FIG. 1 is a schematic structural diagram of an active noise control system of one-dimensional ducts according to each embodiment of the present invention;

FIG. 2 is a flowchart of a method for controlling noise of a rotating device according to an embodiment of the present invention;

FIG. 3 is a flowchart of a method for controlling noise of a rotating device according to another embodiment of the present invention;

FIG. 4A to FIG. 4C are schematic diagrams illustrating how to obtain transfer functions corresponding to rotational speed information according to an embodiment of the present invention;

FIG. 4D is a flowchart of an implementation way of step 201 according to an embodiment of the present invention;

FIG. 4E is a flowchart of an implementation way of step 201 according to another embodiment of the present invention;

FIG. 5 is a schematic structural diagram of a controller according to an embodiment of the present invention; and

FIG. 6 is a schematic structural diagram of a controller according to another embodiment of the present invention.

DETAILED DESCRIPTION

In order to make the objectives, technical solutions, and advantages of the embodiments of the present invention more comprehensible, the technical solutions of the embodiments of the present invention are described clearly and completely in the following. Obviously, the embodiments to be described are only some, rather than all embodiments of the present invention. All other embodiments, which can be derived by persons of ordinary skill in the art from the embodiments of the present invention without making any creative effort, shall fall within the protection scope of the present invention.
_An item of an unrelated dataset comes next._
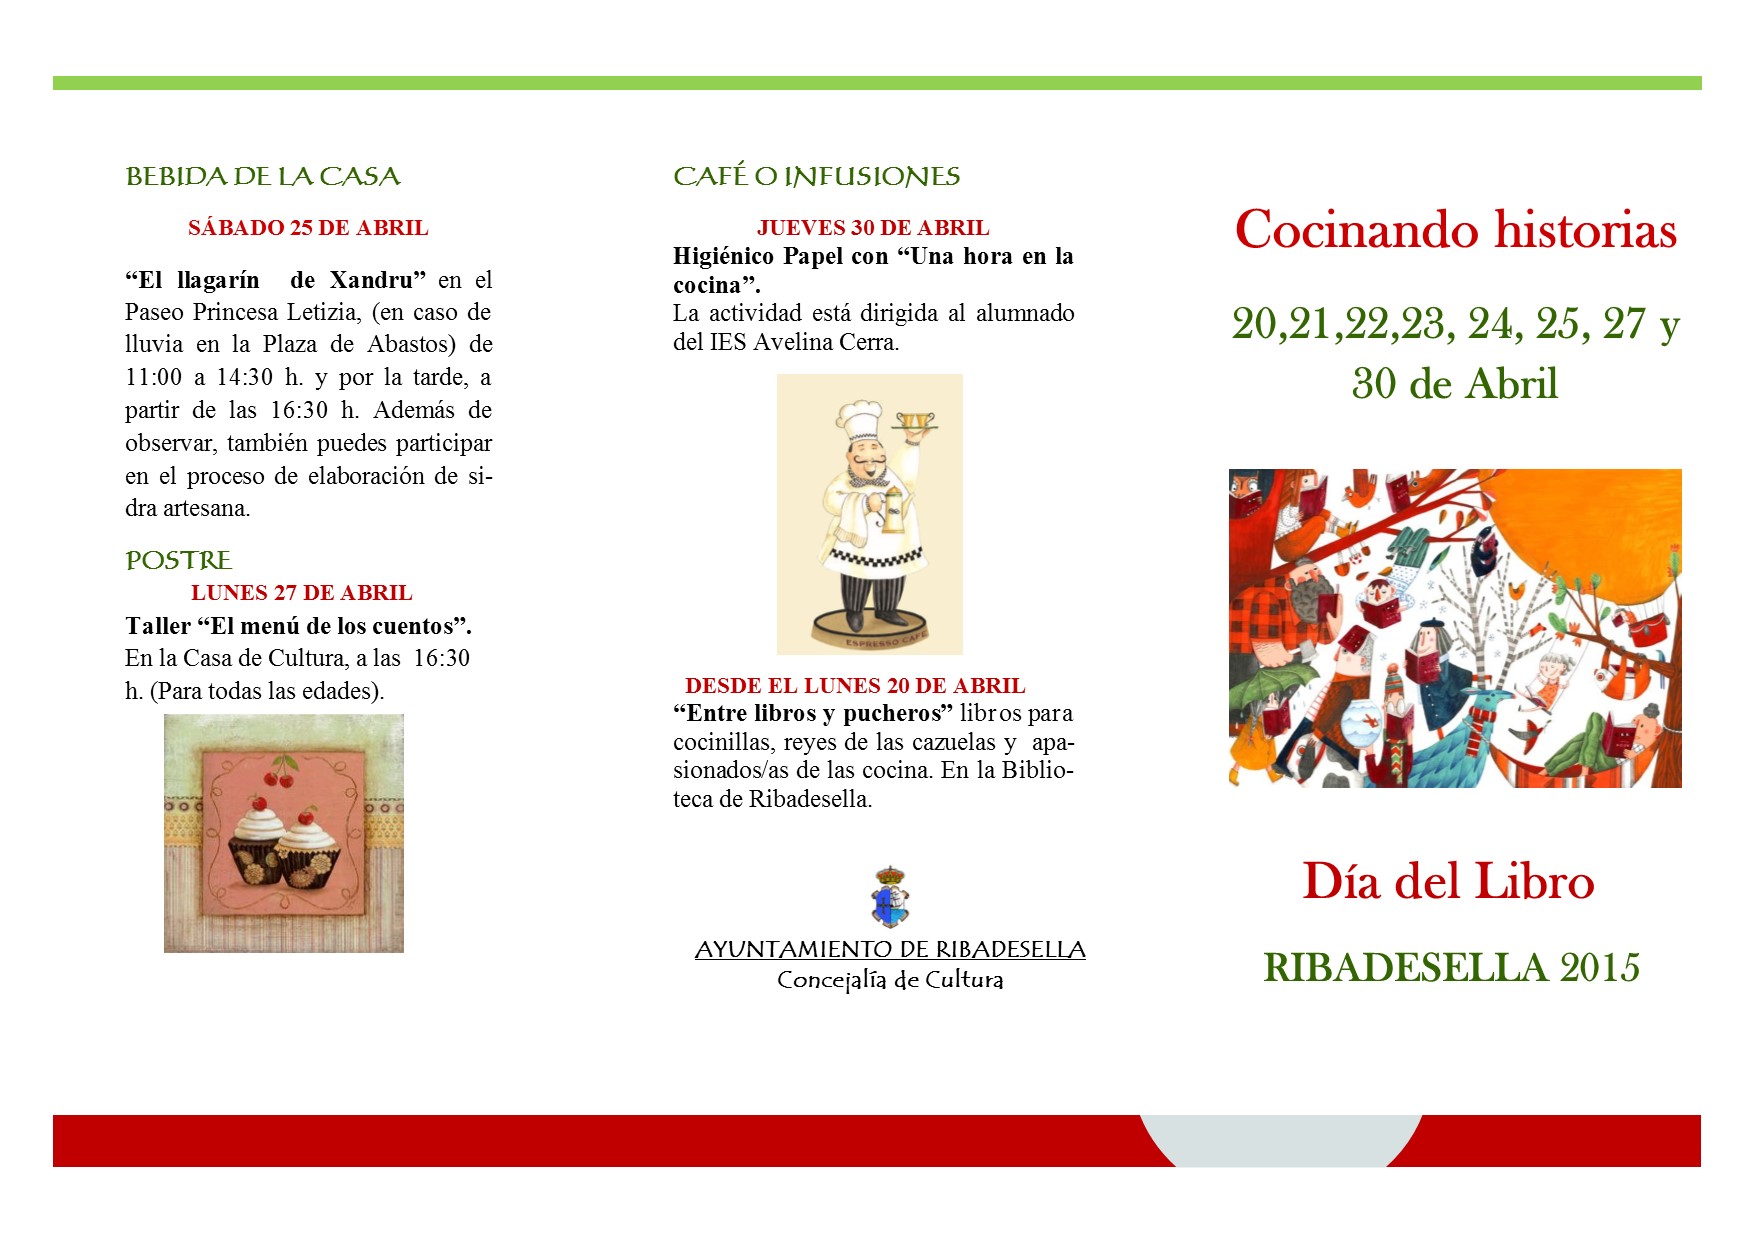 Asturias con niños: Cocinando historias: Día del Libro en Ribadesella
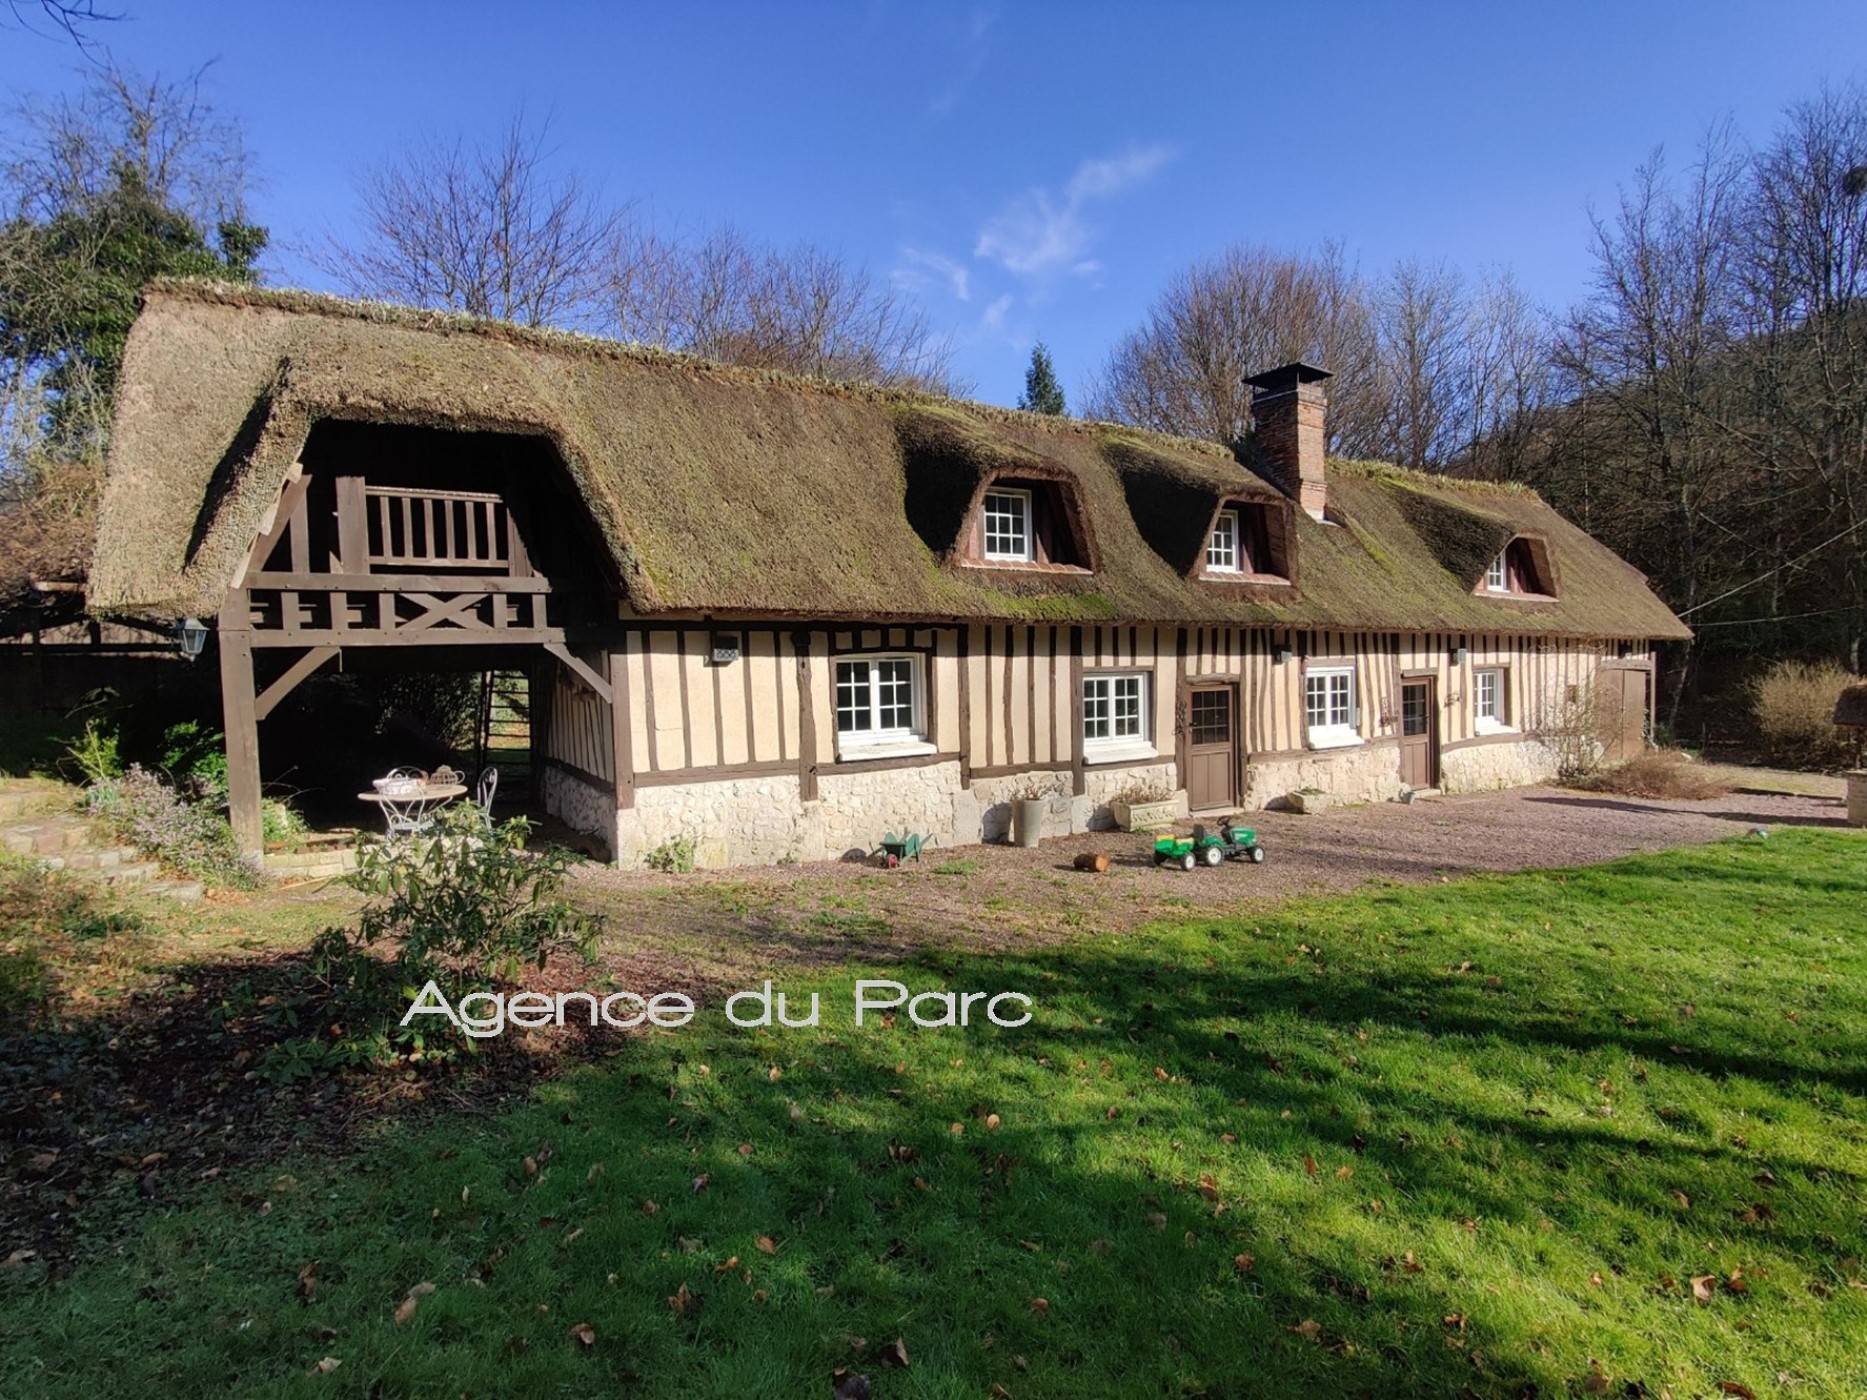 Vente d'une charmante maison normande, en très bon état, sur 5000 m² de terrain env, entre Caudebec en Caux et Yvetot, en Normandie

FIG. 1 is a schematic structural diagram of an active noise control system of one-dimensional ducts according to each embodiment of the present invention. As shown in FIG. 1, the system in this embodiment includes a controller 11, a secondary source emitting device 12, a reference sensor 13, and a rotating device 14; the controller 11 is connected to the secondary source emitting device 12 and the reference sensor 13. The rotating device 14 may be any device that works in the form of rotating or revolving, and is preferably a device that rotates or revolves to drive fluids, such as a fan or water pump. The rotating device 14 is a noise source. The noise generated by the rotating device is called target noise. The reference sensor 13 is designed for detecting the noise generated by the rotating device 14 (namely, target noise). However, due to existence of sound reflection and background noise, the signal detected by the reference sensor 13 is a sound wave signal mingled with the target noise, a secondary sound wave, and background noise. The reference sensor 13 is further configured to feed back the detected sound wave signal to the controller 11. The controller 11 is configured to process the sound wave signal, generate a sound emitting command, and send the sound emitting command to the secondary source emitting device 12. The secondary source emitting device 12 is configured to receive the sound emitting command sent by the controller 11 and emit a secondary sound wave to cancel the target noise.

FIG. 2 is a flowchart of a method for controlling noise of a rotating device according to an embodiment of the present invention. As shown in FIG. 2, the method in this embodiment includes the following steps:

Step 200: Obtain a sound wave signal of noise generated by the rotating device, where the sound wave signal is fed back by a reference sensor.

Specifically, the reference sensor 13 detects the sound wave signal of noise generated by the rotating device 14, and feeds back the signal to the controller 11. The sound wave signal is mingled with the noise generated by the rotating device 14 (namely, target noise), a secondary sound wave, and background noise.

Step 201: Obtain rotational speed information of the rotating device.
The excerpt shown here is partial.